All those rules and tools you’ve studied and prepped for — the baby-wearing, the co-sleeping, the skin-to-skin contact, the commitment to be the only one to meet his every need, the keeping him within several feet at all times, the cocooning, the intentional regression — they are not the end all; rather, they are the means to an end with that end being relationship. That’s the most important thing. If those good rules and tools are so binding to you right now that they are actually hindering relationship, you have the permission to step away from the books and the blogs and the webinars and experience freedom as the mother God’s called you to be to your son.

It’s not forever, but for now, find what it is that you need whether that is grocery store runs sans anyone under 3 feet tall, a break to go have coffee with a friend one afternoon, going back to your weekly women’s group with a sitter in your friend’s basement, or something else entirely different. Find what it is that you need so that you can get on track with building a relationship with your son rather than falling into a pattern of going through the motions that you think you need to do but growing seeds in you of fear, questions, and resentment — all of which are enemies to relationship.

Friend, this is hard, yes. But, you can do hard; you were made for hard. You are exactly what your son and your daughter need right now — in your frailty, in your weakness, in your tears.

– photo by Tish Goff



11 responses to “Your Permission Slip”

  1. Jenny Kleiman says:

    Beautiful!!!

  2. Megan says:

    Oh my goodness, thank you. We’ve been home 2 months, and I feel suffocated by the blogs and books right now. I want to do everything right, but I’m so overwhelmed and spend every second of the day second guessing everything I do. I will think things are going fairly well, and then be certain everything is falling apart. And how could my husband and I possibly be on the same page when I don’t know what page I’m on? Sorry to ramble, but thank you for a post encouraging me to take a deep breathe and give myself permission to look at the big picture for just a few minutes.
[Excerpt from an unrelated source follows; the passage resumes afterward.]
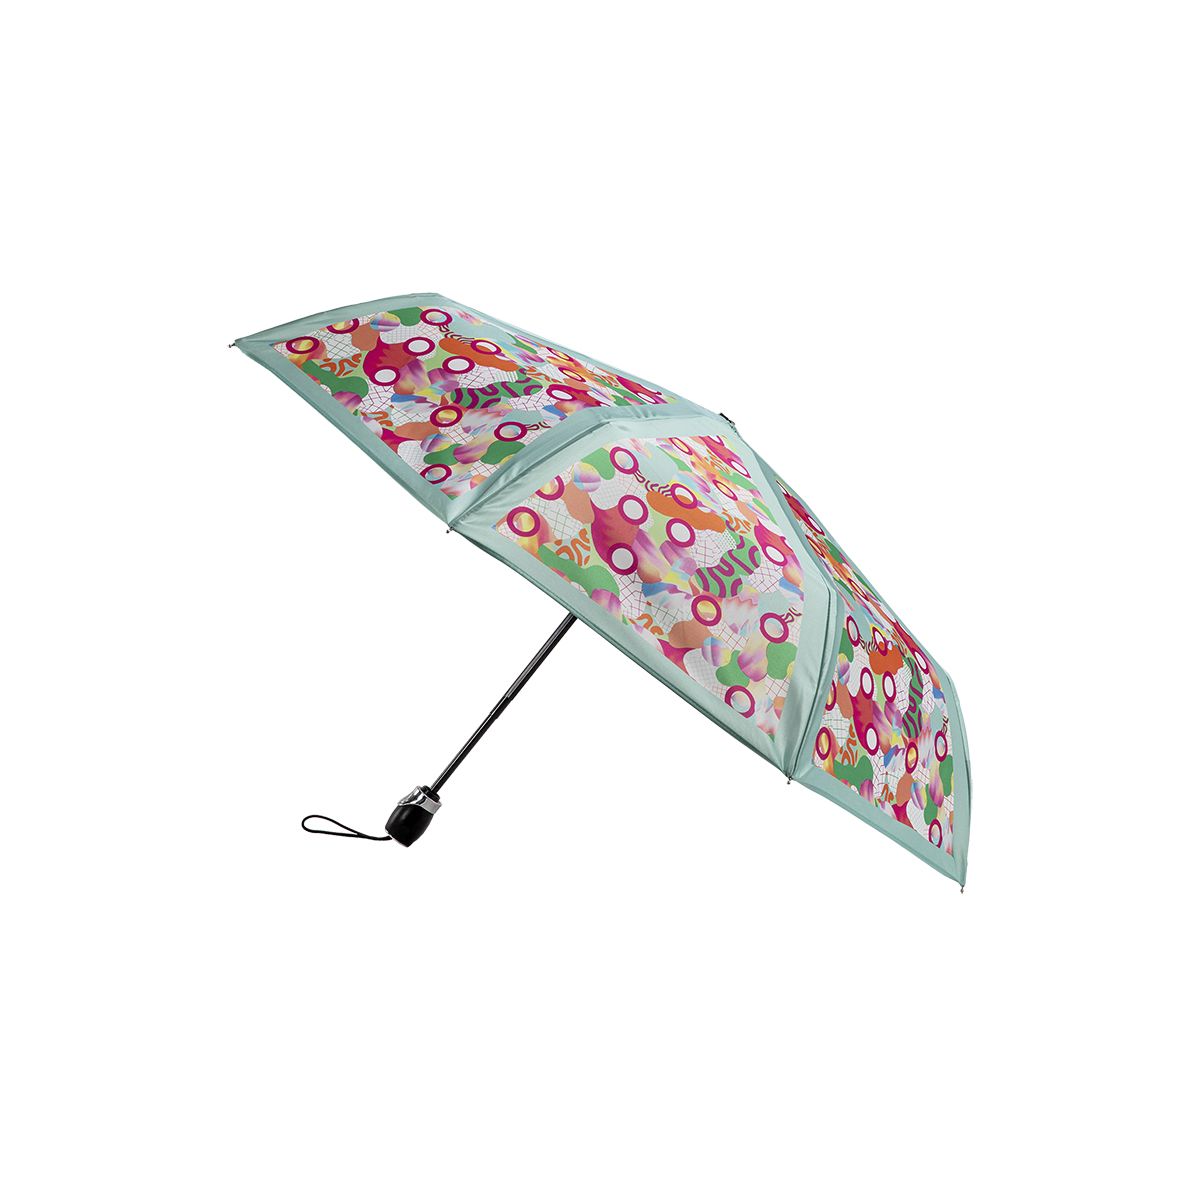 Mini-parapluie pliant Piganiol prince de galles

  3. Thank you… Just what she needs right now… Here’s my favorite quote that puts into words how I felt every day for awhile… but now just once in awhile… progress! *smile*

    “…you feel all that and your new child is not a sleepy infant and your child doesn’t understand English and you are scared to death that all the anxiety and growing sense of oxygen-inhaling failure on your part is going to break down whatever foundations of attachment have been built…”

  4. Kerri says:

    Nailed it on the head. Wow.

  5. Mylene says:

    Wow! I feel as if you’ve been in my house as I’m reading this article. I’m already connected to you as you led the team that ministered to my son in Baoji. We’ve been home a week ago Thursday. It’s hard trying to apply all the attachment tools and beating myself up for things I’ve missed every time I read a blog or article. Thank you for this. I missed the phone call from our agency last night on ” self care ” – my son is still a bit jet lagged and was wide awake during the time this was scheduled. I realize I do need Me time if I am to parent effectively.

  6. Carol says:

    Oh how I wish I had you when I brought my daughter home!
    At first, I thought she was autistic with all her rocking and finger play and that hating to be touched or held thing. Then she
    started responding to her sister, then her grandma. It took two years for her to form any attachment to me. But she did!
    I have a friend named Paul who is severely autistic. When we were kids, Paul taught me that people can be wonderful friends even though they don’t fit any of the norms of personality or intelligence or behavior. His lesson eventually made me realize that a relationship between a child and parent has the potential to be downright wonderful even if that relationship doesn’t play out the way it’s supposed to. Thank heaven for Paul. That insight allowed me to let go of my fear and simply enjoy the relationship I did have with my daughter instead of worrying about the one I should have. That made all the difference. Now (sixteen years later), those old worries seem so very far away. Sometimes it just takes time. And a little help from a friend.